Graph Convolutional Networks (GCNs) have been widely applied in various fields due to their significant power on processing graph-structured data. Typical GCN and its variants work under a homophily assumption (i.e., nodes with same class are prone to connect to each other), while ignoring the heterophily which exists in many real-world networks (i.e., nodes with different classes tend to form edges). Existing methods deal with heterophily by mainly aggregating higher-order neighborhoods or combing the immediate representations, which leads to noise and irrelevant information in the result. But these methods did not change the propagation mechanism which works under homophily assumption (that is a fundamental part of GCNs).
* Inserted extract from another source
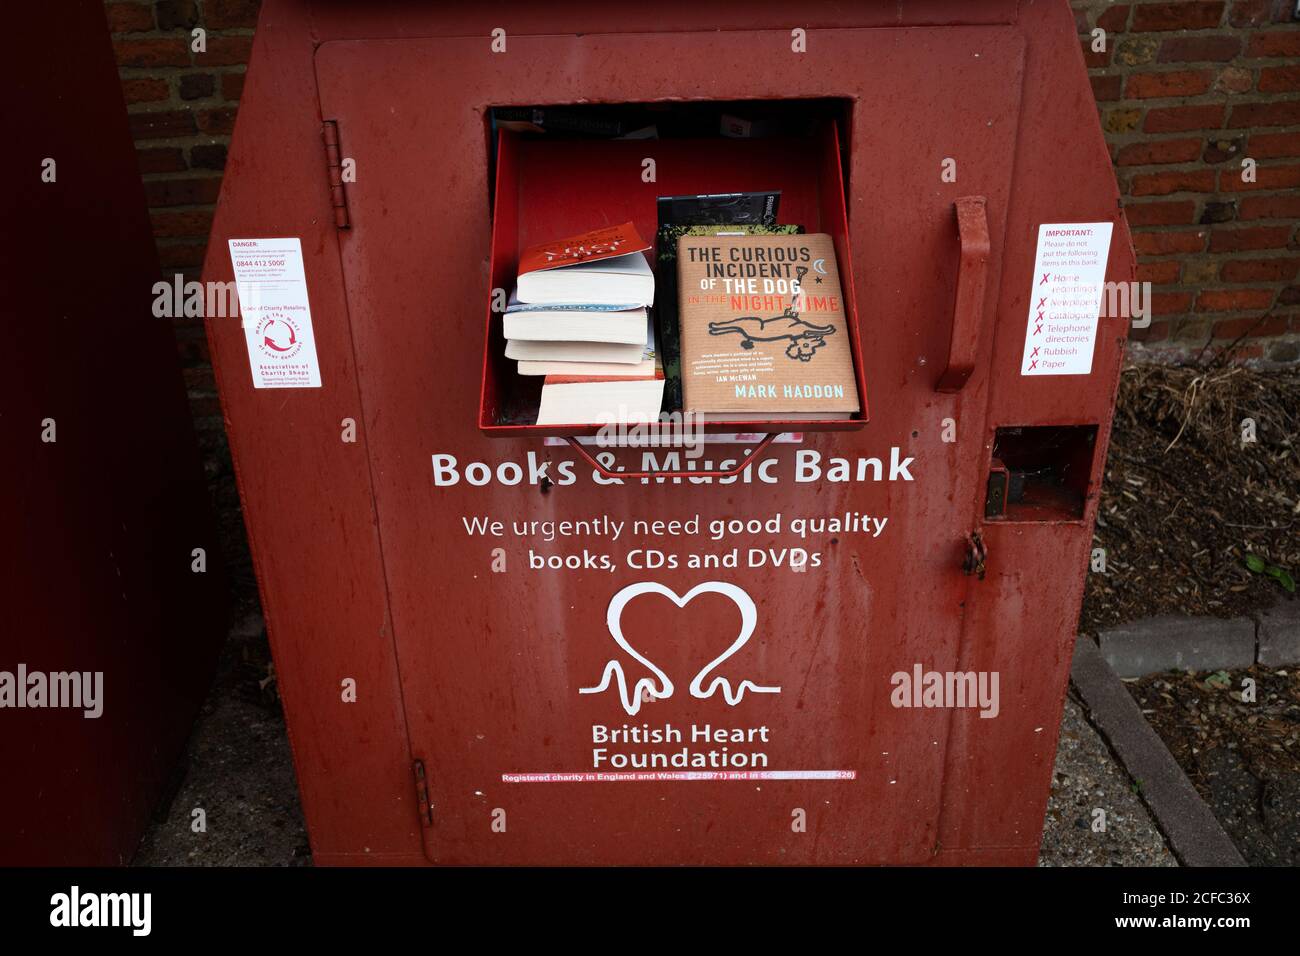 British Heart Foundation books and music bank Stock Photo

This makes it difficult to distinguish the representation of nodes from different classes. To address this problem, in this paper we design a novel propagation mechanism, which can automatically change the propagation and aggregation process according to homophily or heterophily between node pairs. To adaptively learn the propagation process, we introduce two measurements of homophily degree between node pairs, which is learned based on topological and attribute information, respectively. Then we incorporate the learnable homophily degree into the graph convolution framework, which is trained in an end-to-end schema, enabling it to go beyond the assumption of homophily. More importantly, we theoretically prove that our model can constrain the similarity of representations between nodes according to their homophily degree. Experiments on seven real-world datasets demonstrate that this new approach outperforms the state-of-the-art methods under heterophily or low homophily, and gains competitive performance under homophily.